El Tribunal Oral Federal Nº 2 de Mendoza dictó su veredicto en el megajuicio por corrupción que tuvo como principal acusado al exjuez federal Walter Bento y lo declaró culpable de haber cobrado coimas mediante una estructura ilegal que operó durante años en el ámbito del Juzgado Federal Nº 1 de esa provincia.
La resolución puso fin a un proceso judicial de enorme envergadura, que demandó casi dos años de debate oral y se convirtió en una de las causas más relevantes de la Justicia Federal en los últimos tiempos. La audiencia se desarrolló en el primer piso de los Tribunales Federales de Mendoza y comenzó con la escucha de las últimas palabras de ocho imputados.
Tras un cuarto intermedio, las juezas Gretel Diamante, Eliana Rattá y Carolina Pereira dieron a conocer el fallo. Con el veredicto ya emitido, se abrirá ahora la etapa de cesura, en la que el Ministerio Público Fiscal y las defensas discutirán la extensión de las penas.
Según lo informado durante el proceso, esa instancia se llevará a cabo entre miércoles y jueves, mientras que el viernes el tribunal fijaría las condenas definitivas, con los años de prisión correspondientes a cada culpable.
Al fundamentar la decisión, la presidenta del tribunal remarcó la complejidad del caso: “Es la causa más compleja que ha tenido que realizar este tribunal, no solo por la multiplicidad de hechos y por la cantidad de testigos y pruebas, sino que la dificultad radica en una circunstancia excepcional, ya que le tocó juzgar a un par, a un juez como nosotros”. Y agregó: “La decisión no fue neutra ni sencilla, pero hubo prudencia, profesionalidad y seriedad institucional.
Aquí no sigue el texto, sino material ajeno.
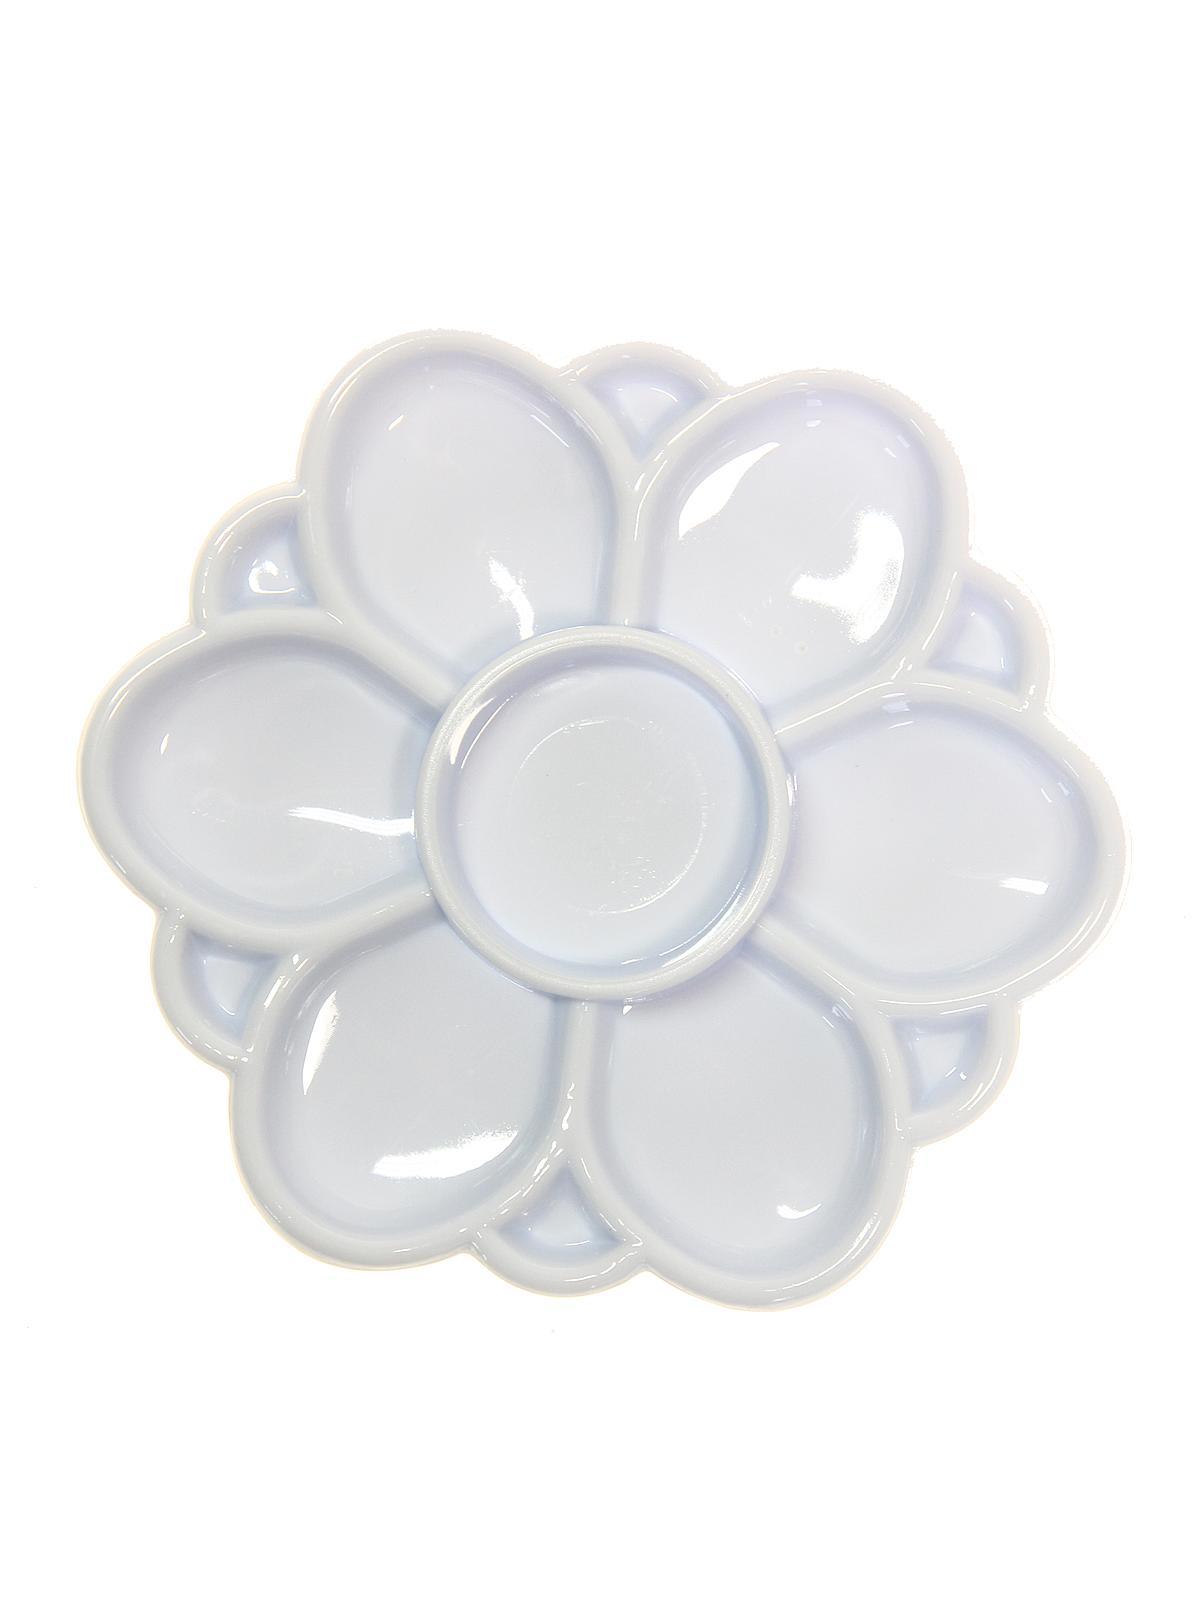 Seven Well Plastic Palette

A pesar de haber juzgado a un par, eso no afecta a la imparcialidad”.
En ese marco, sostuvo que “la acción de Bento constituyó una planificación sostenida para diseñar una estructura patrimonial” y explicó que el exmagistrado “seleccionó minuciosamente a los familiares que figuran como titulares de sus bienes para reducir su patrimonio real”. Finalmente, subrayó: “El Poder Judicial no está por encima de la ley”.
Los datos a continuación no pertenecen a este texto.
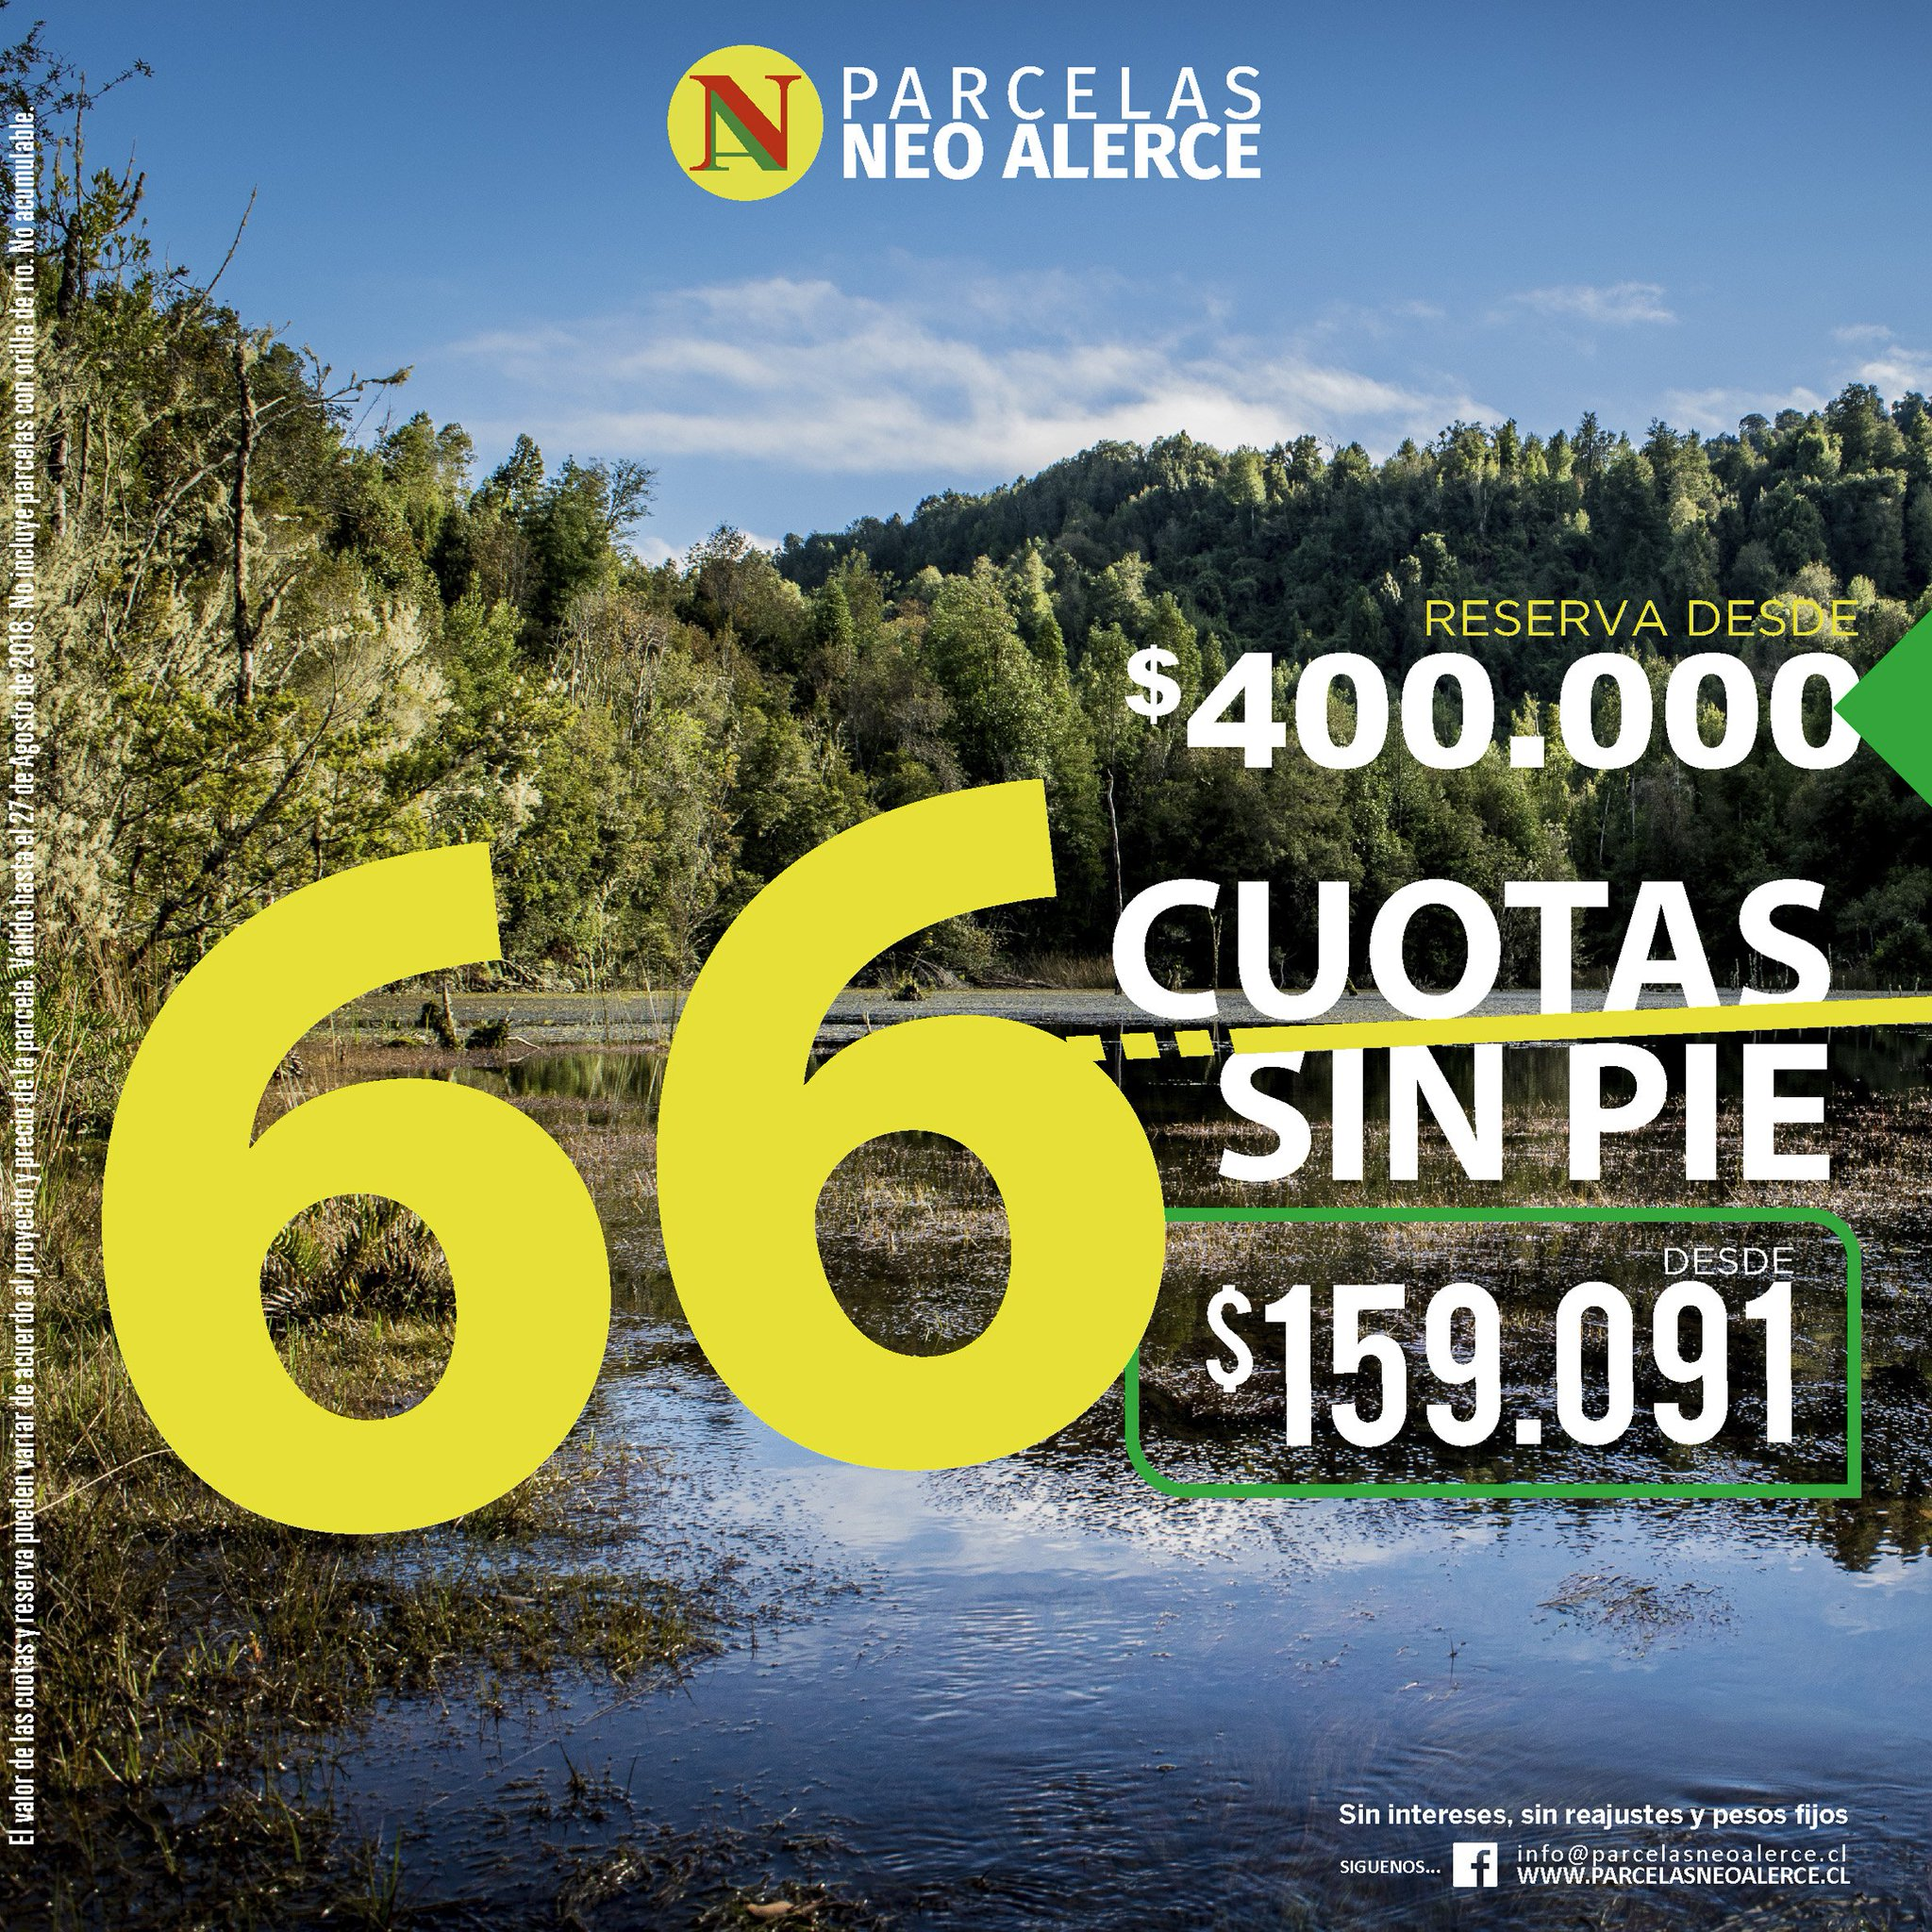 Parcelas Neo Alerce On Twitter Parcelas Hasta En 66 Cuotas

Bento llegó a esta instancia detenido, con prisión preventiva en el complejo penitenciario federal de Cacheuta, en Luján de Cuyo, donde permanece alojado desde noviembre de 2023. En ese momento fue destituido por el Jurado de Enjuiciamiento de Magistrados de la Nación, tras haber sido suspendido y enviado a juicio político por el Consejo de la Magistratura.
El exjuez está imputado como jefe de una asociación ilícita que, según la acusación, intervino en al menos 14 o 15 hechos de cohecho. Además, enfrenta cargos por enriquecimiento ilícito y lavado de activos. En la causa también están involucrados familiares directos de Bento, además de abogados y exfuncionarios policiales señalados como parte de la red.
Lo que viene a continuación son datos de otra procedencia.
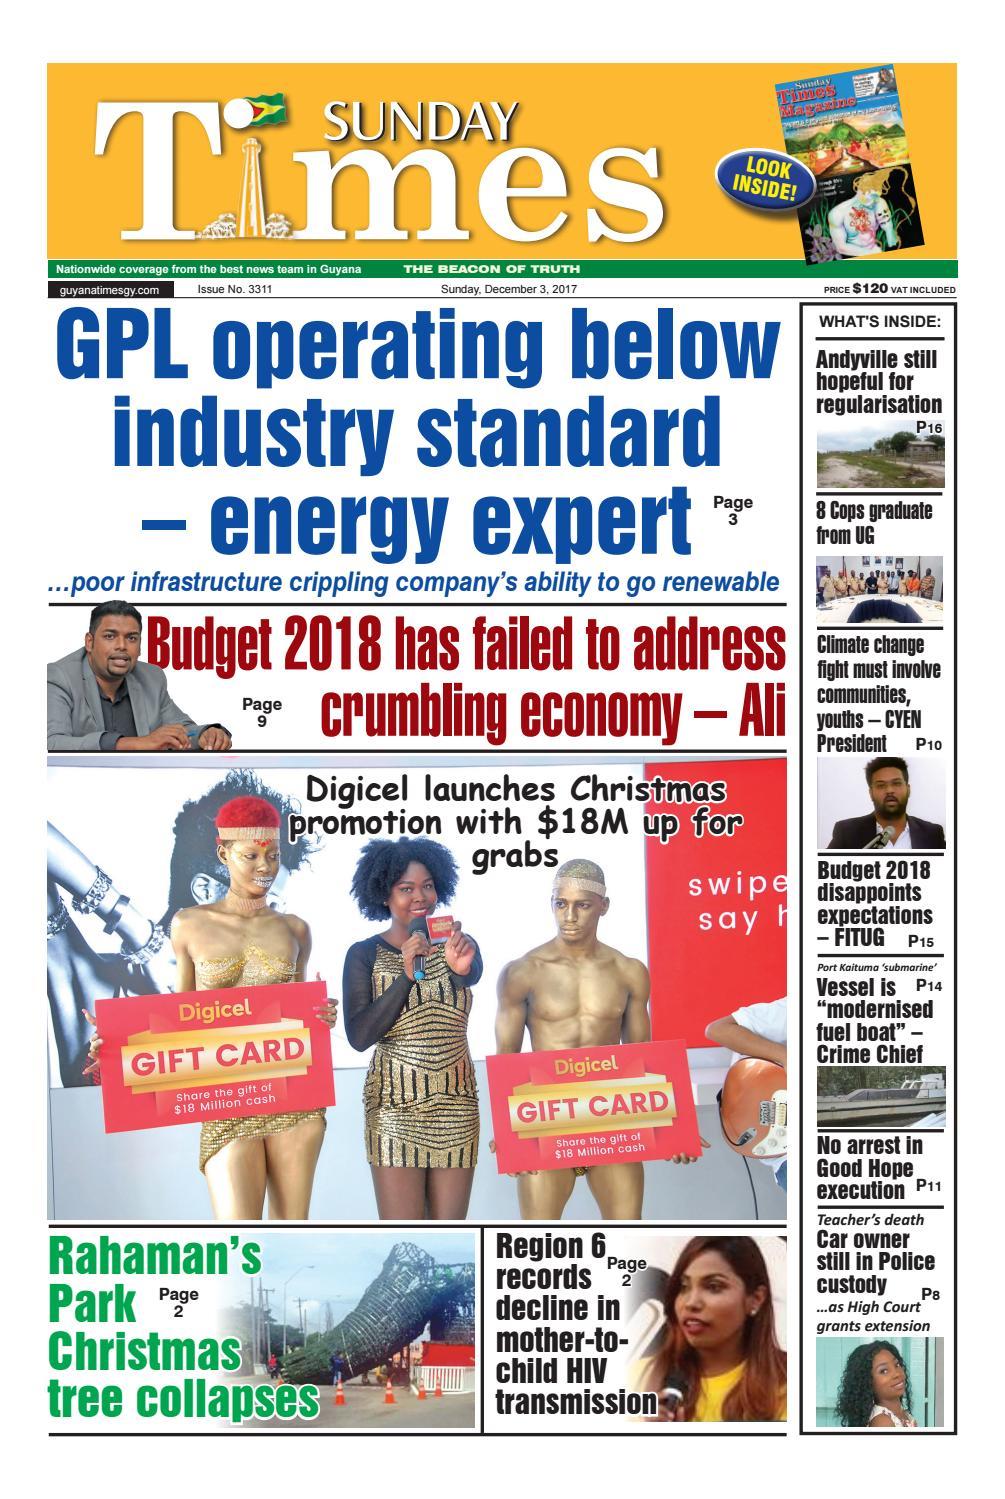 Guyanatimes 3 december 2017

La fiscalía sostuvo que, desde 2007, el juzgado que encabezaba ofrecía beneficios procesales —como libertades, sobreseimientos o imputaciones más leves— a cambio de dinero, vehículos de alta gama o propiedades.
De acuerdo con la Procelac, el circuito de sobornos habría movilizado al menos 1,7 millones de dólares. Durante el debate se analizaron cientos de miles de fojas, grandes volúmenes de evidencia digital y declararon alrededor de 300 testigos.